An SDR (sales development rep) is a sales position at a company that is tasked with booking and/or qualifying** meetings for a more senior sales person, typically an Account Executive (AE) who does the bulk of the sales process and closes the contract.
The SDR position sucks because it involves cold calling and emailing and doing anything you can to get meetings.
What’s not obvious, though, is that the position doesn’t necessarily need to exist in the first place. A sales team exists to generate revenue for a company. A sales team does not exist to have an SDR team.
The first sales team I worked with in early 2024 had either just fired or promoted all of their SDRs to full cycle AEs, meaning the AE’s did their own prospecting and closing without any SDRs. Here is a reddit post from over a year ago debating the merits of not even having the SDR role. Here is a post from well before the AI SDR phenomenon was on the radar (2021) discussing the drawbacks of the SDR role.

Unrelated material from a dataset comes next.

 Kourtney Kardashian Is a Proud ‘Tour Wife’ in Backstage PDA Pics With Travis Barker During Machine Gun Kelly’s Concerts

And, here is an article from 2018 explaining the issues of the position.
SDRs typically optimize for meetings booked with a notoriously bad rep for booking meetings that don’t convert into revenue. Might it make more sense to take a step back, realize that the sales team cares about revenue, not meetings booked, and help them optimize for that?
In short, while the position is common and therefore inductively justifiable, it is not obvious that it needs to exist or even should exist in all cases, let alone be optimized and automated.

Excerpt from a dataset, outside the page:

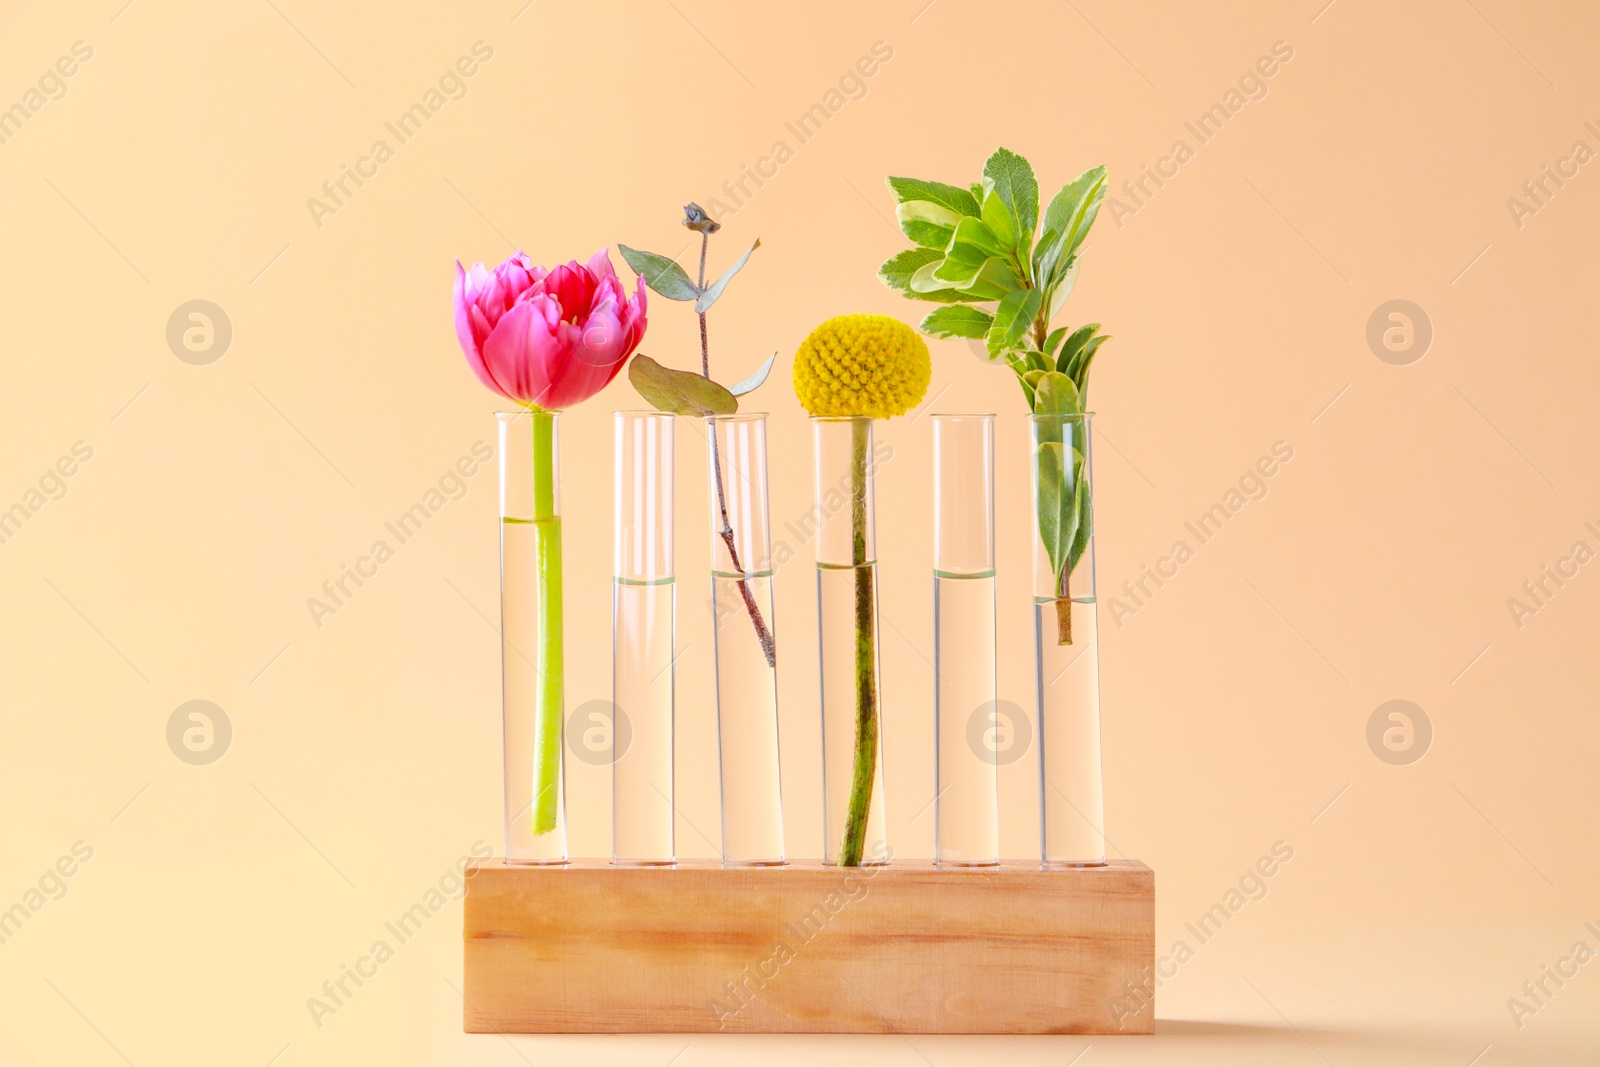 Photo of Test tubes with different plants in wooden stand on beige background

One of the biggest traps for smart engineers is optimizing something that shouldn't exist.
*Jack and I are also people who fall into the “don’t know anything about sales” category, but I’d like to think we are good listeners
**Making sure that the person might actually buy the product or service
An Aside on LLMs
A recursive aside on LLMs: they are characterized by the same issue that people who are automating things that shouldn’t exist might struggle with–they are pattern recognizers, not knowledge gatherers. Perhaps more on this later.
Tumors & Bubbles
A lot of things shouldn’t exist.
However, if instead of asking “why,” you think like a turkey and go exclusively off of the past, you will not realize that these things should not exist. You will find yourself optimizing the status quo, not the ideal state.
Since AI makes it easier to automate things, we will continue to see more and more automations that should not exist.
Luckily, unlike the growth of a cancer that terminates with the death of the host, such things will likely be more inclined to pop like a bubble.